#### EXERCISE PROMPT
Output all of the data exactly, keeping any images out of the copy.

#### DATA SEGMENT
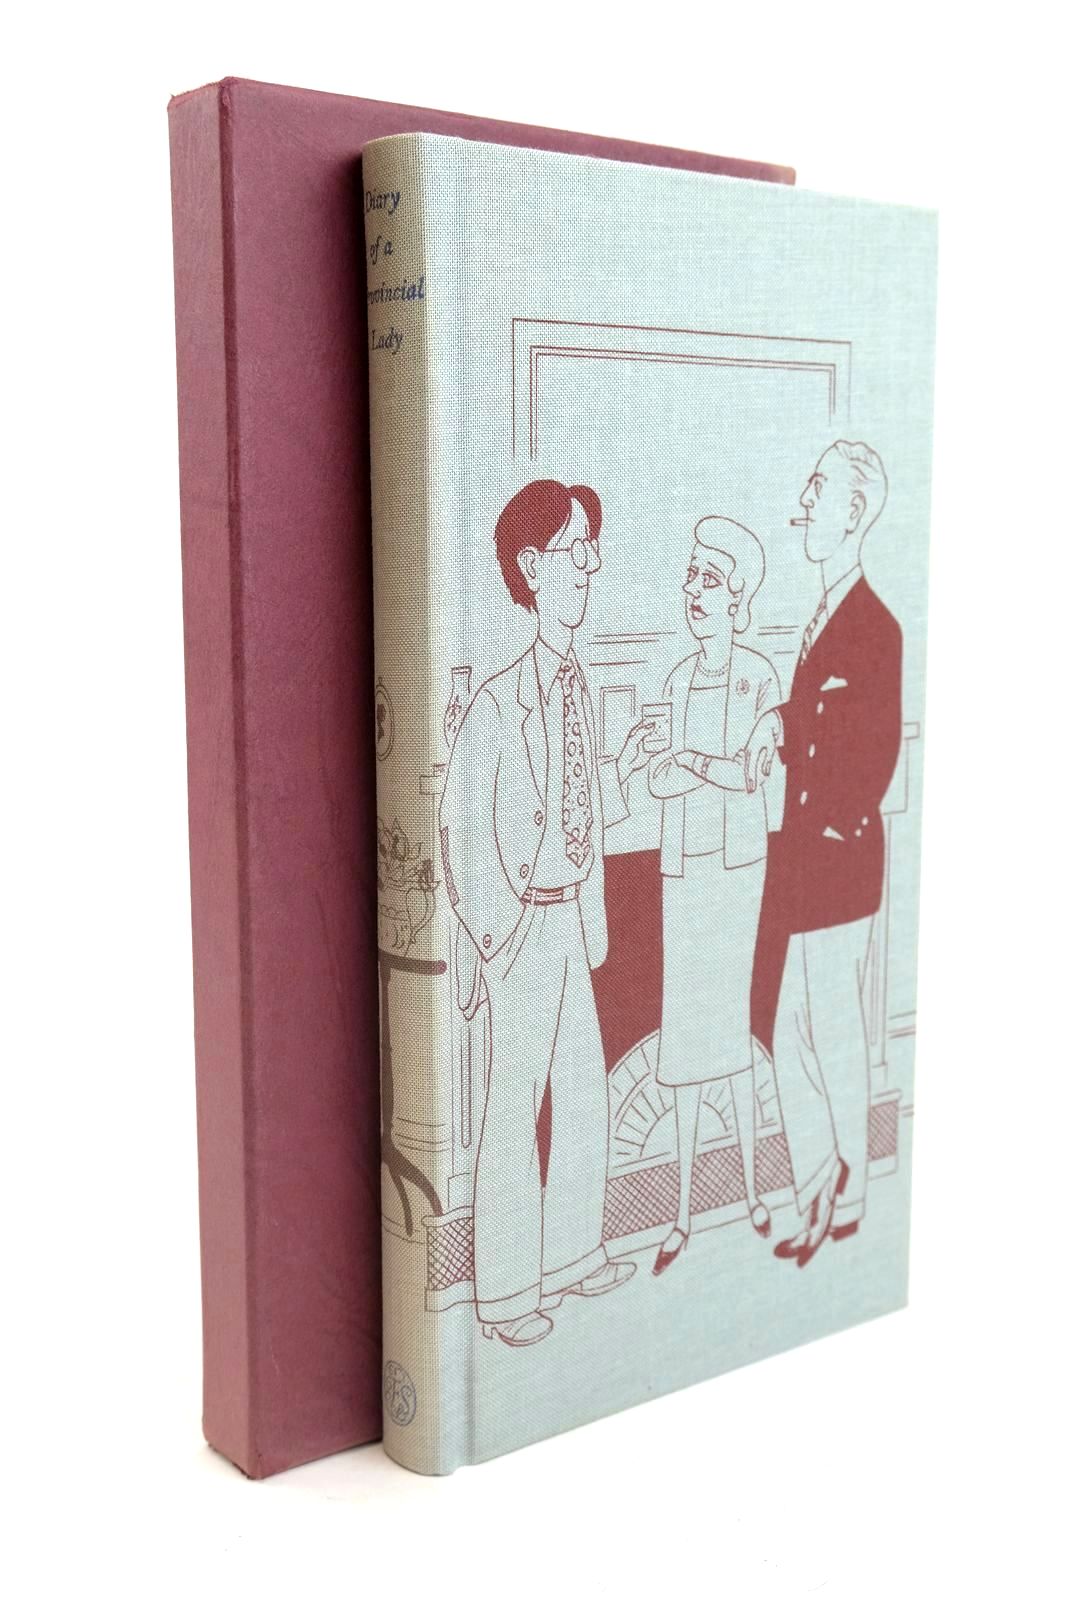 Photo of DIARY OF A PROVINCIAL LADY written by Delafield, E.M. Cooper, Jilly illustrated by Bentley, Nicolas published by Folio Society (STOCK CODE: 1320033)  for sale by Stella & Rose's Books
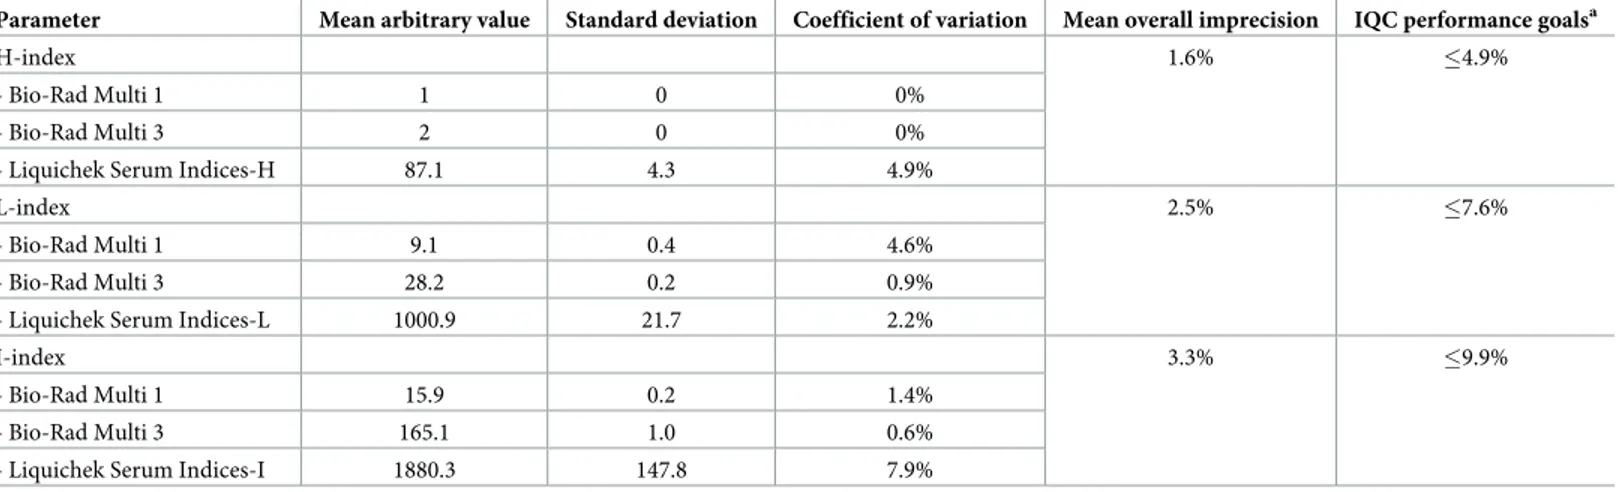 Table 3. Inter-assay imprecision (n = 7, over 29 days) and internal quality control (IQC) performance goals of HIL (Hemolysis, H; Icterus, I; Lipaemia, L) indices on Roche Cobas c702, calculated using liquid Bio-Rad Multi 1 and 3 quality control materials 
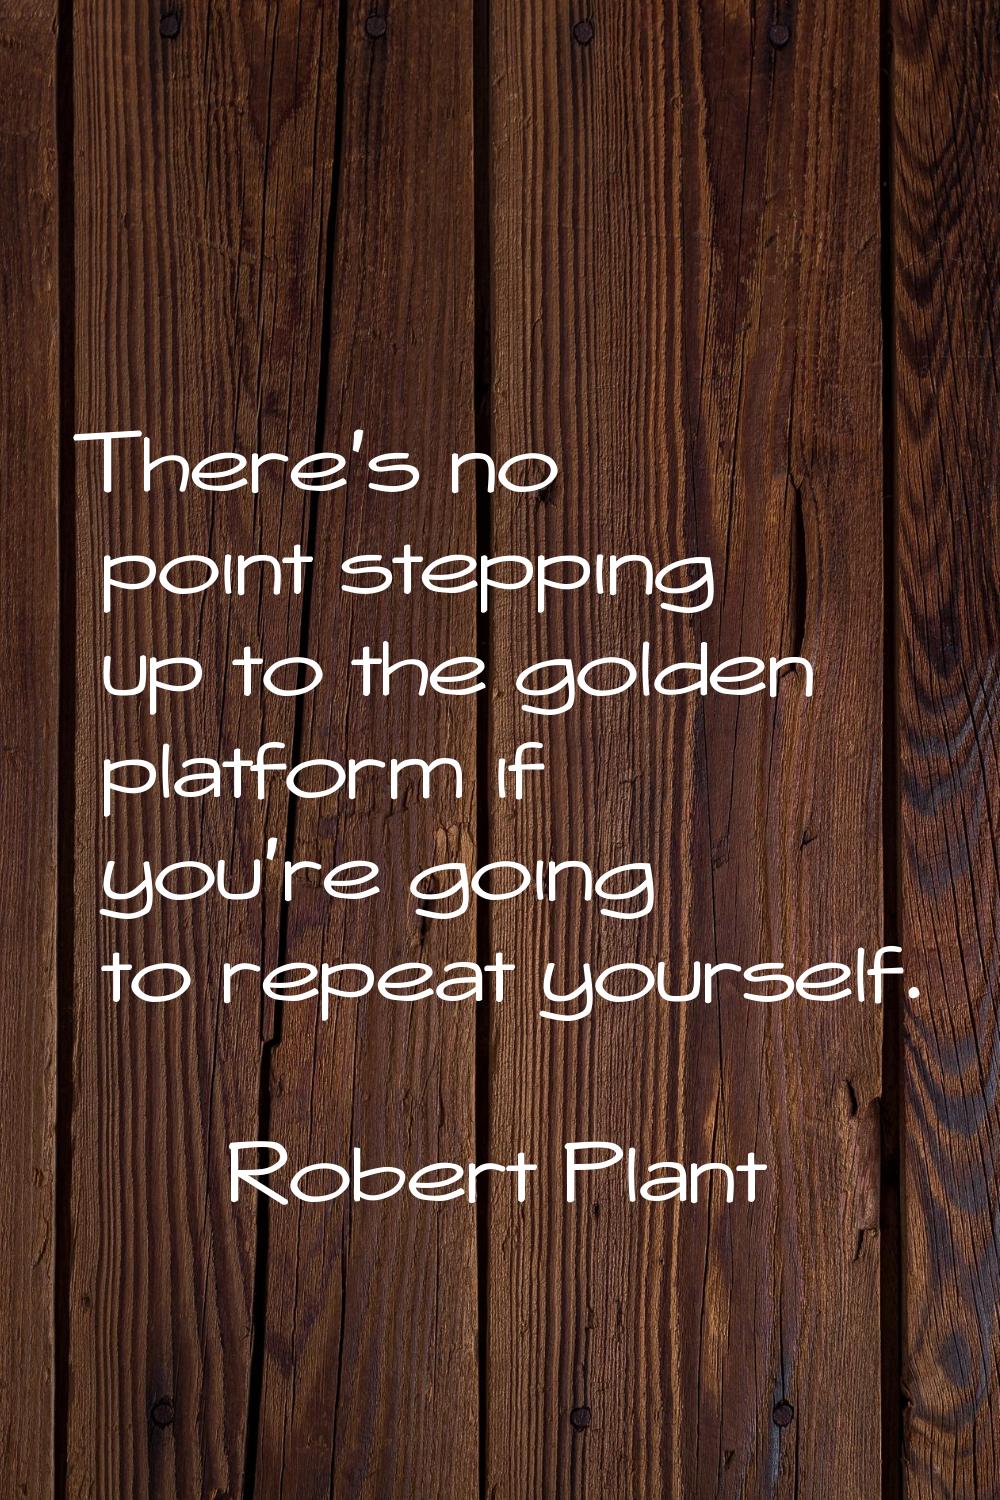 There's no point stepping up to the golden platform if you're going to repeat yourself.

#### THE ANSWER
 Photo of DIARY OF A PROVINCIAL LADY written by Delafield, E.M. Cooper, Jilly illustrated by Bentley, Nicolas published by Folio Society (STOCK CODE: 1320033)  for sale by Stella & Rose's Books
 Table 3. Inter-assay imprecision (n = 7, over 29 days) and internal quality control (IQC) performance goals of HIL (Hemolysis, H; Icterus, I; Lipaemia, L) indices on Roche Cobas c702, calculated using liquid Bio-Rad Multi 1 and 3 quality control materials 
 There's no point stepping up to the golden platform if you're going to repeat yourself.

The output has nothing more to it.